From: Kent Karlsson (kentk@cs.chalmers.se)
Date: Tue Nov 11 2003 - 07:02:23 EST
(long argument deleted)
If you are suggesting that the natural sort algorithm won't work without
separate codepoints for hex digits then you are of course correct, but
that is an argument in favor of hex-digit-characters, not against them.
Ordering natural numbers (whole numbers >= 0)) expressed as numerals,
usually sequences of digits, can be made to work for any base as long as
one can write the digits in a convenient way. (That does NOT mean digit
clones of A-Z.).
If you like you can lobby OS/UI makers (or sort order implementation
providers in general) to supply a "hackers's option" where A-F and a-f
are regarded as digits (possibly with some heuristic to determine which
As are hex digits and which are not). I would have that "off" by default
though; most users would not find hexadecimal very uncomfortable, and
indeed surprising. They would be even more surprised to find some
As not sort like other As (if there were such clones), looking just the
same. Note that all the existing clones of A-Z and a-z are ordered just
like the ordinary letters in the default order of the UCA (and the CTT
of 14651). Likewise the roman number compatibility characters are
ordered as the letters that constitute them; not in any numeric order.

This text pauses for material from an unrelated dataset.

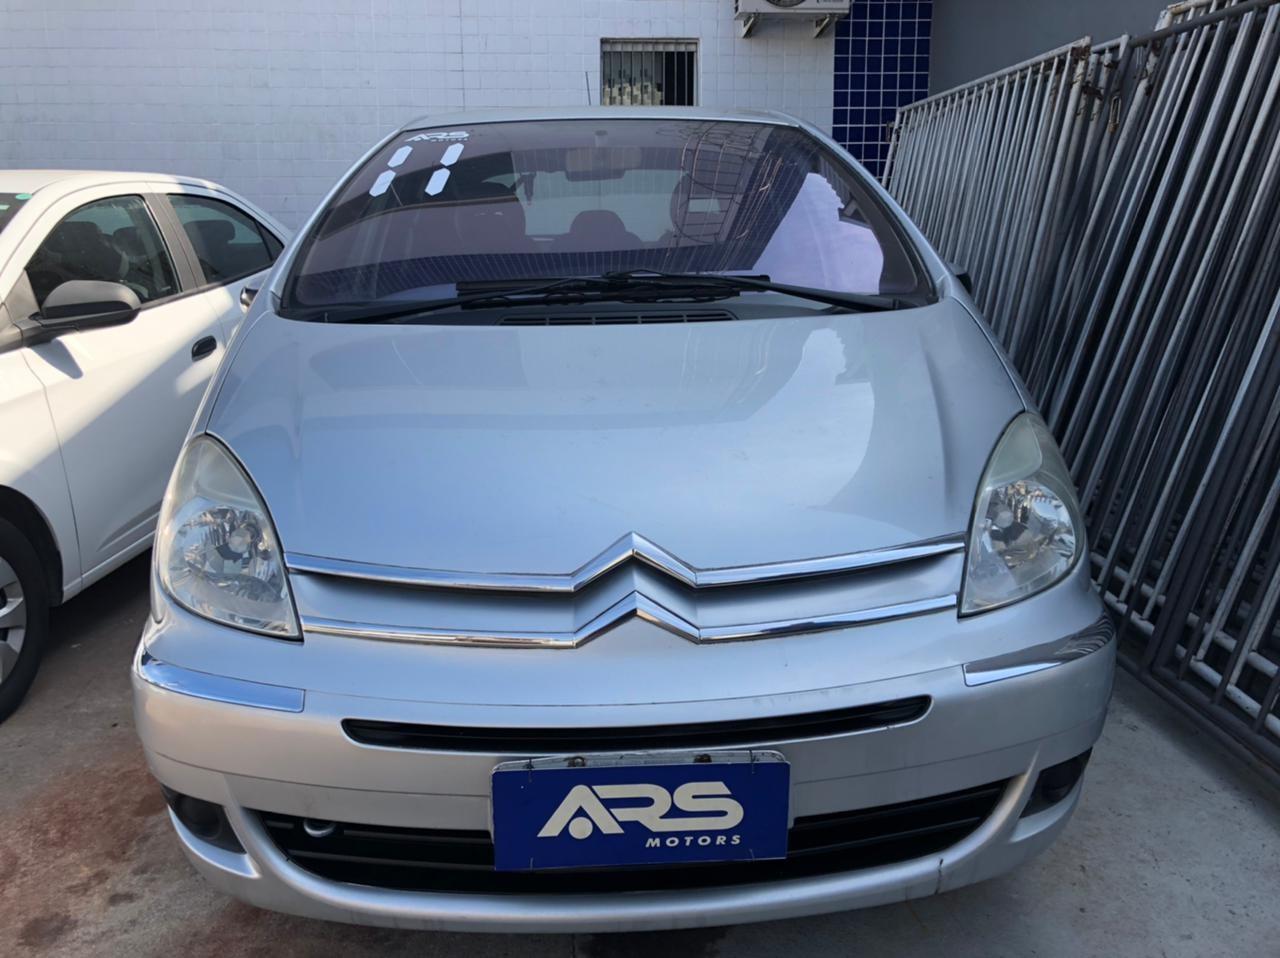 //www.autoline.com.br/carro/citroen/xsara-picasso-16-exclusive-16v-flex-4p-manual/2011/rio-de-janeiro-rj/14626773

The natural sort algorithm works identically in all radices. There is
nothing special about radix ten. Furthermore, the same sort order is
guaranteed in all radices. An implementation of a natural sort algorithm
does NOT need to "know" the radix. It does not need to guess. It does
not need to assume. It does not need to infer. It does not even need to
care. All it needs are the functions IsDigit(codepoint) and
GetDigitValue(codepoint). The return value of the latter is only
required to be defined if the return value of the former is true. That's
ALL it needs.
That's one way of doing it. Another is to prehandle the string, as
explained in annex C.3 of ISO/IEC 14651, and use suitable weighting
for the characters used in the numerals, and then just apply the
ordinary
collation key calculation (by demand or complete) and compare the
strings as "usual" (for 14651 or UCA comparisons). Incidentally, that
annex also considers negative numerals, and numerals with a fraction
part. It only considers decimal base in the examples, but there is no
problem in generalising to other integer bases >= 2, just as long as you
have enough characters to express the digits (which could in principle
be
expressed with multiple characters each, even a varying number).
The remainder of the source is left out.